Urgence réelle : signalez les délais authentiques, jamais les fausses raretés.

Dark Pattern

Ecouteurs Premium

89,99 EUR

Plus que 2 en stock ! Achetez MAINTENANT ou perdez-les pour toujours !

Offre expire dans04:59

23 personnes regardent cet article

Non merci, je prefere payer plus cher

Design Ethique

Ecouteurs Premium

89,99 EUR

En stock. Livraison sous 3-5 jours.
Retours gratuits sous 30 jours
4.5/5 (1 247 avis verifies)

La responsabilité du designer : un devoir professionnel

Les médecins ont le serment d'Hippocrate. Les avocats ont le secret professionnel. Les architectes ont la responsabilité de la sécurité structurelle. Et les designers ? Nous concevons les choix de milliards de personnes sans aucun cadre déontologique contraignant. C'est un problème fondamental. En attendant qu'un tel cadre émerge — et il émergera, c'est une certitude — chaque designer porte une responsabilité individuelle.
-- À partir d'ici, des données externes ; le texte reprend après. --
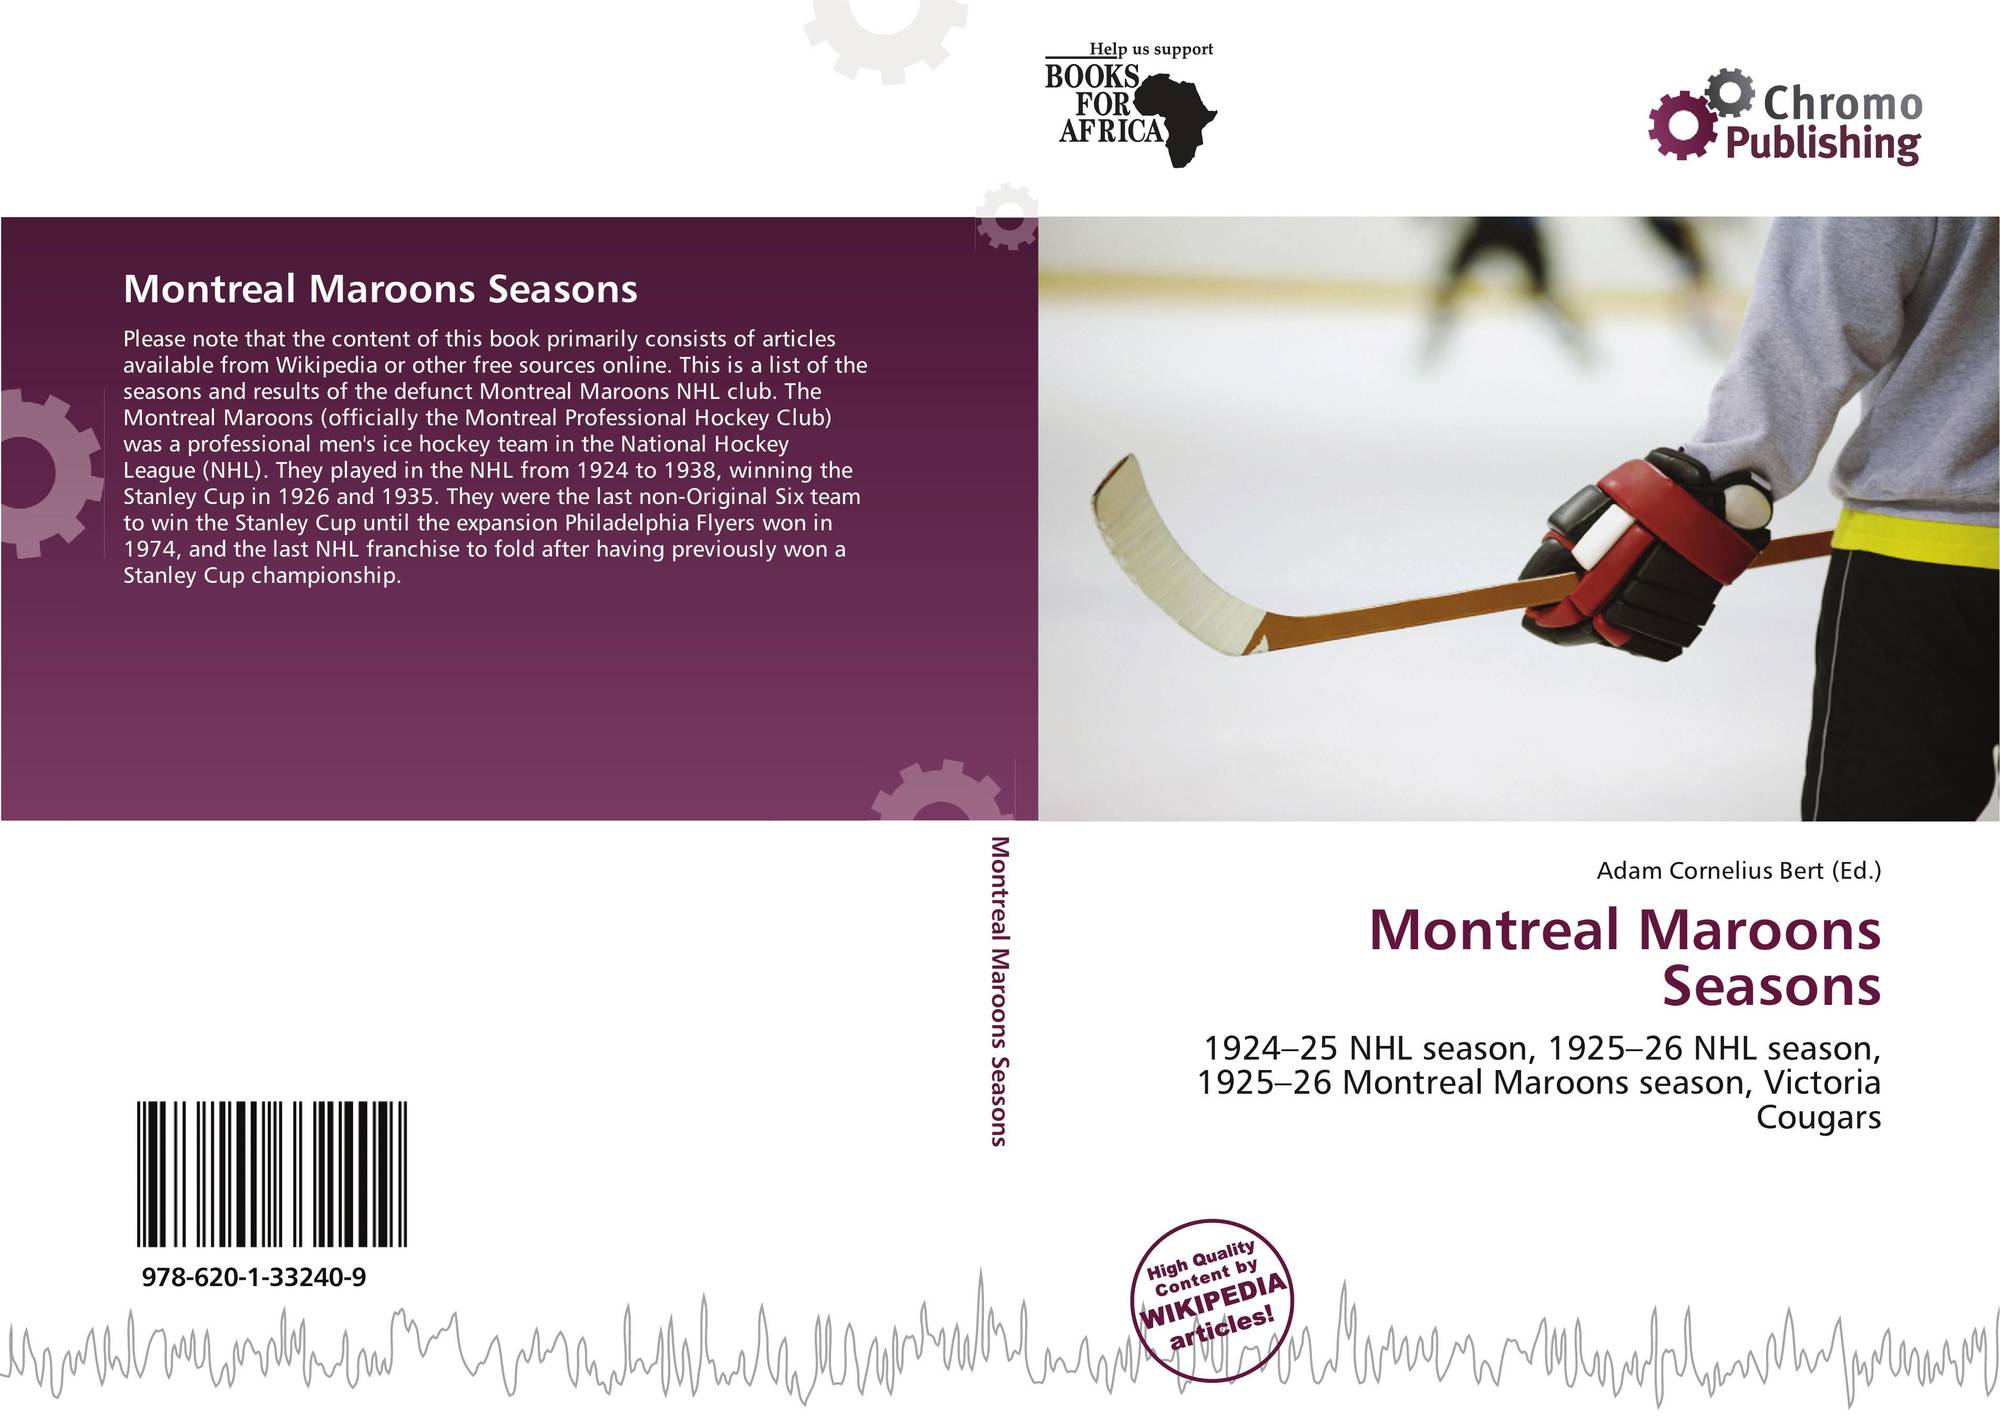 Montreal Maroons - Wikipedia

Refuser de concevoir un dark pattern est un acte professionnel, pas un acte de rébellion. Former vos collègues à les reconnaître est un investissement dans la qualité du produit. Documenter et communiquer les alternatives éthiques est votre valeur ajoutée en tant que senior designer.

Votre portfolio ne devrait pas seulement montrer ce que vous avez conçu. Il devrait aussi montrer ce que vous avez refusé de concevoir.

Les bright patterns : concevoir pour l'autonomie de l'utilisateur

Si les dark patterns manipulent, les bright patterns émancipent. Un bright pattern est un choix de design qui aide activement l'utilisateur à prendre des décisions éclairées, même quand cela va à l'encontre de l'intérêt immédiat de l'entreprise. La fonctionnalité "Screen Time" d'Apple aide les utilisateurs à réduire leur usage — contre l'intérêt à court terme d'Apple. Le résumé des conditions d'utilisation de certaines apps transforme un mur de texte juridique en information actionnable. Les comparateurs de prix intégrés montrent quand un concurrent est moins cher. Ces choix semblent contre-intuitifs pour le business, mais ils construisent une confiance qui est la ressource la plus précieuse de l'économie numérique.

Screen Time / Digital Wellbeing : aider l'utilisateur à maîtriser son usage.

Résumés de confidentialité lisibles : transformer le jargon juridique en langage humain.

Options de suppression de compte claires et accessibles.

Indicateurs de qualité de mot de passe : protéger l'utilisateur contre lui-même.

Export de données facile : laisser l'utilisateur partir avec ses données.

Le designer éthique est un designer courageux

Le design éthique n'est pas un luxe réservé aux entreprises qui peuvent se le permettre. C'est un standard professionnel minimum, au même titre que l'accessibilité ou la sécurité. Chaque dark pattern que vous refusez de concevoir est une victoire pour les millions d'utilisateurs qui ne savent même pas qu'ils sont manipulés. Le courage du designer éthique ne réside pas dans la dénonciation publique — il réside dans les conversations quotidiennes avec les stakeholders, dans les propositions d'alternatives éthiques aussi performantes, dans l'éducation patiente de ses équipes. Le futur du design sera éthique ou ne sera pas. Et ce futur commence par les choix que vous faites aujourd'hui dans votre prochain Figma.

Dans dix ans, les dark patterns seront vus comme les publicités mensongères des années 50 : une pratique honteuse que toute une industrie a normalisée. Soyez du bon côté de l'histoire.